NASA has approved a mission to Saturn’s moon Titan, where the agency will deploy the robotic quadcopter Dragonfly, the successor to the iconic Ingenuity of the Mars mission. The Dragonfly mission was approved just last week for a July 2028 launch after doubling its budget to $3.35 billion, and it is now firmly on the books as the agency prepares to make its big leap across the solar system.
“Dragonfly is a spectacular science mission with broad community interest, and we are excited to take the next steps on this mission,” said NASA administrator Nicky Fox, of the agency’s Science Mission Directorate, in a recent statement. “Exploring Titan will push the boundaries of what we can do with rotorcraft outside of Earth.”
NASA chose the Dragonfly mission nearly five years ago
NASA chose the Dragonfly mission nearly five years ago, and a significant portion of its new $3.35 billion budget indicates the agency’s determination to guide the ambitious project through the massive fiscal upheaval created by COVID-19 and more recent budget conflicts between Congress and the White House.
“With the Dragonfly mission, NASA will once again do what no one else can do,” NASA administrator Jim Bridenstine said. “Visiting this mysterious ocean world could revolutionize what we know about life in the universe.
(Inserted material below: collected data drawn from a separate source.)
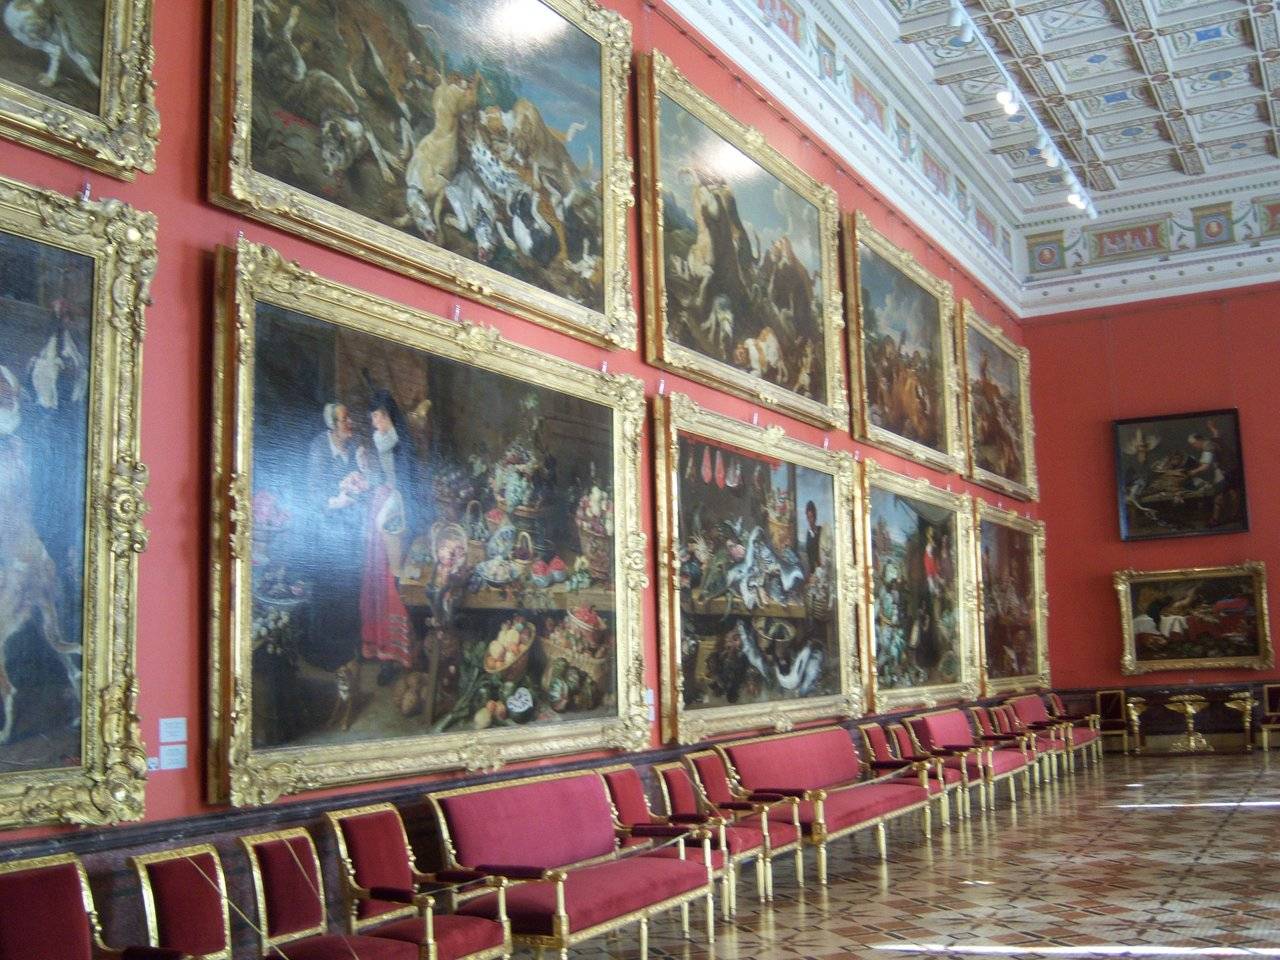 Art Gallery in the Hermitage
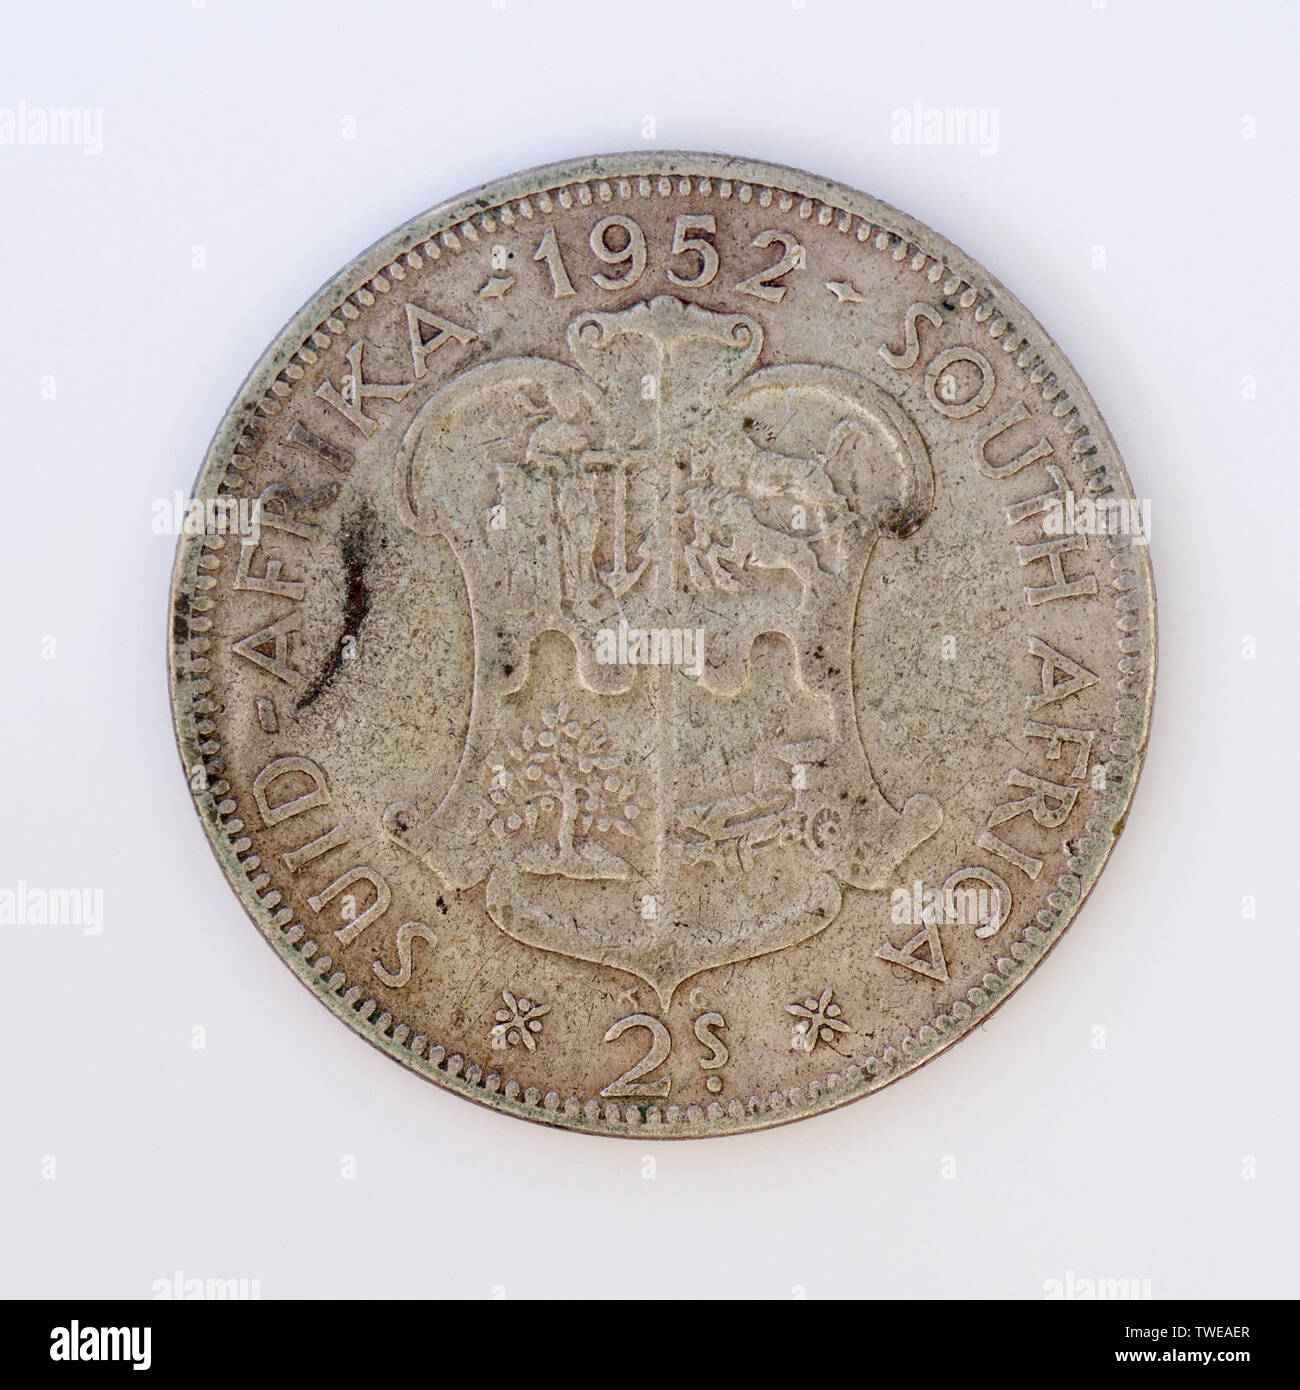 South Africa 2 Shillings - George VI Coin - 1952 Stock Photo
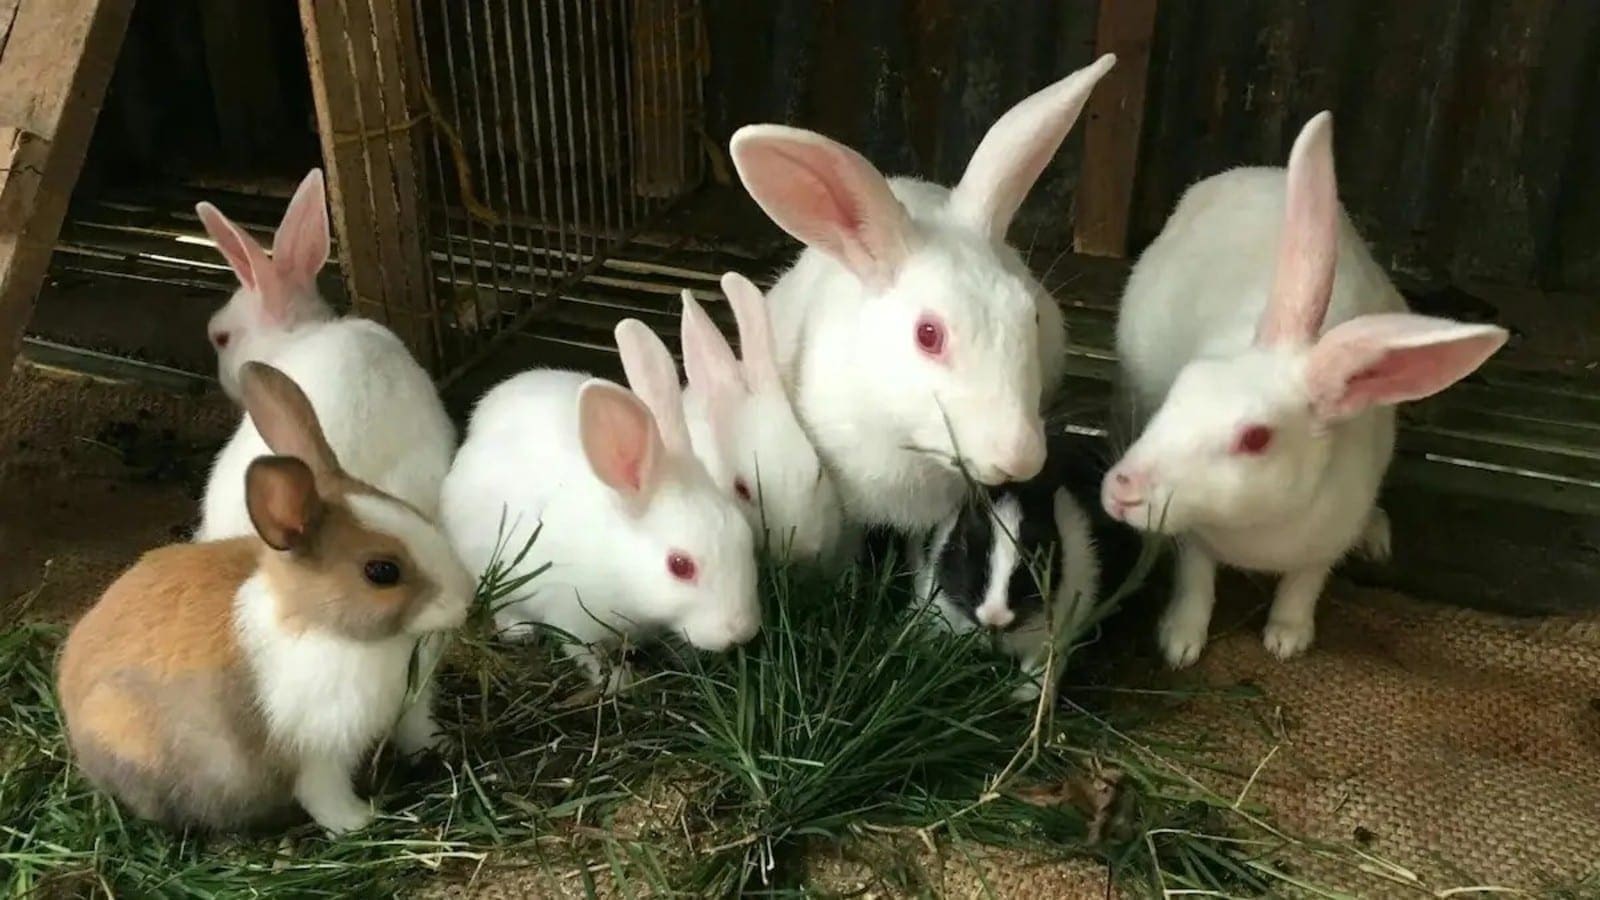 Zimbabwe to undertake inaugural artificial insemination on rabbits in partnership with South African specialist
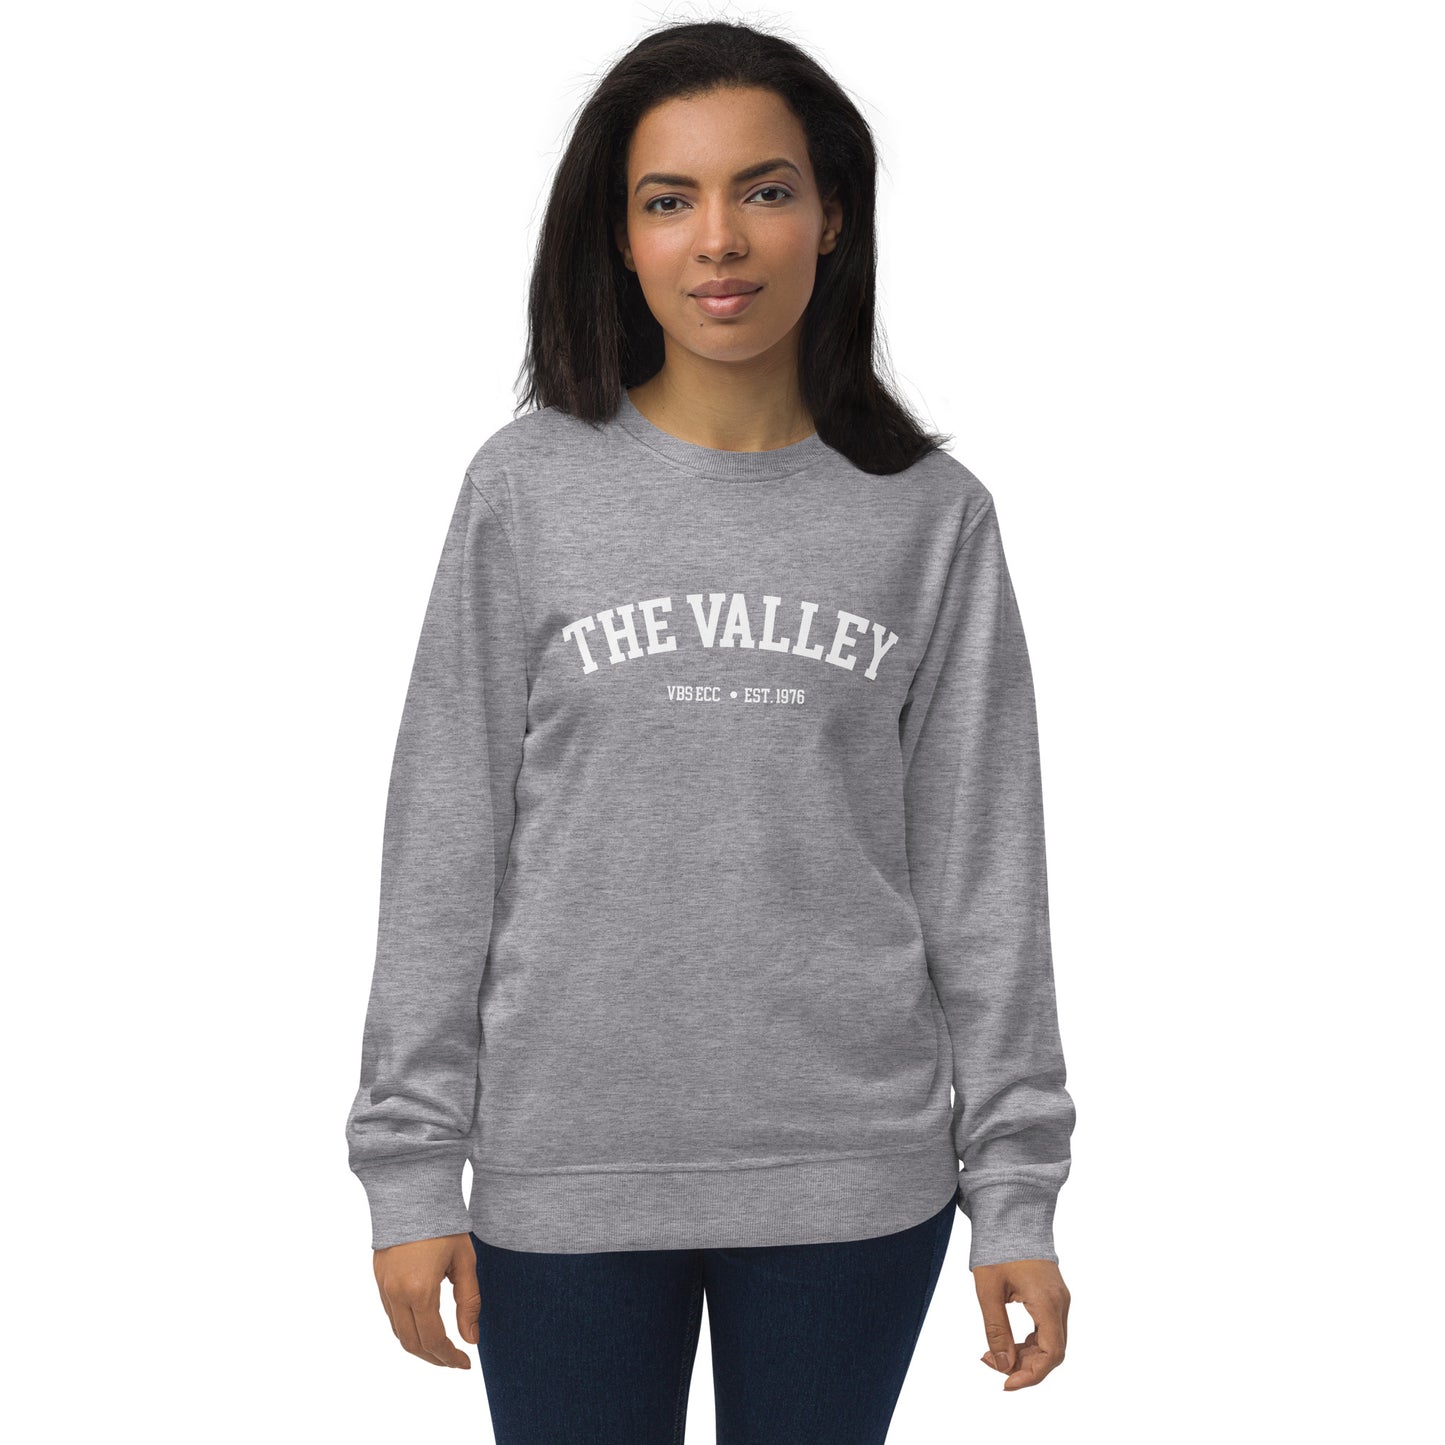 "The Valley" Vintage Relaxed Organic Unisex Sweatshirt
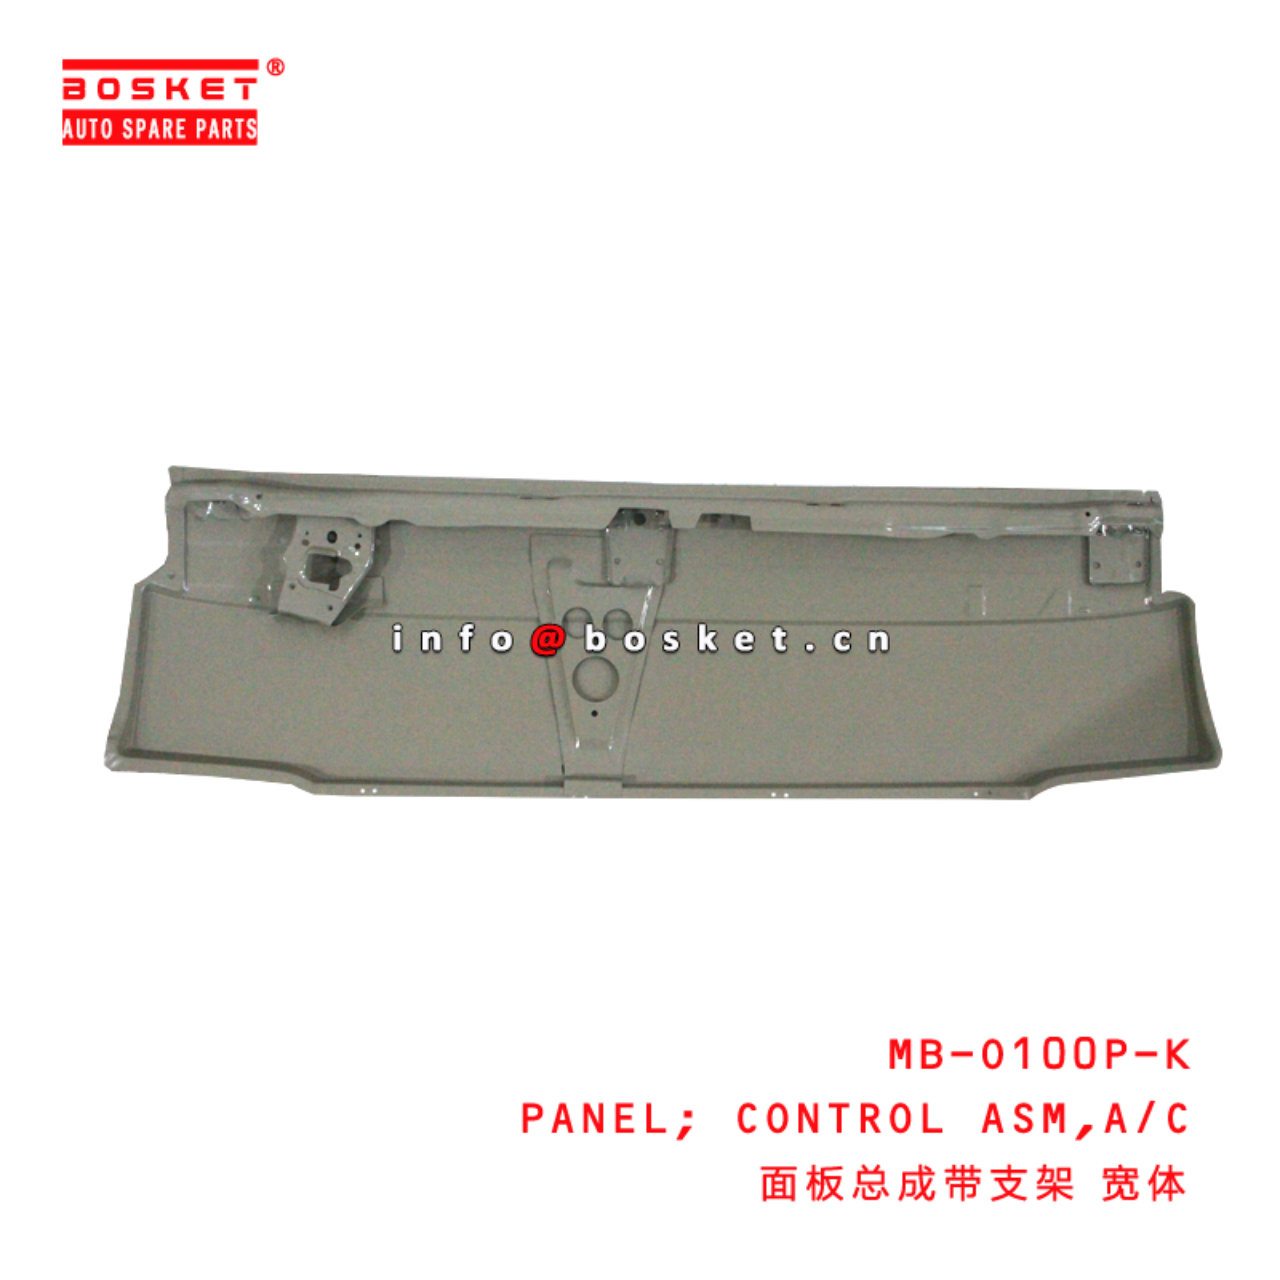 MB-O100P-K Air Compression CONTROL Assembly PANEL suitable for ISUZU 100P老款 MB-O100P-K

This cutting-edge mission would have been unthinkable even just a few years ago, but we’re now ready for Dragonfly’s amazing flight.”
Dragonfly, despite its bug-sized name, is a beast of a machine
Dragonfly, despite its bug-sized name, is a beast of a machine unlike any NASA has ever created. It can carry a surface-exploring vehicle approximately the size of a bigger Mars rover through the moon’s dangerous freezing weather, surviving minus 290º Fahrenheit.
NASA will benefit from 13 years of data collected by the Cassini spacecraft and the European Space Agency’s Huygens mission, the latter of which provided the world’s first images of Titan. According to Ars Technica, Dragonfly’s mission will take it to over 30 spots on Titan over three years, flying tens of kilometers per month to research its organic-rich composition.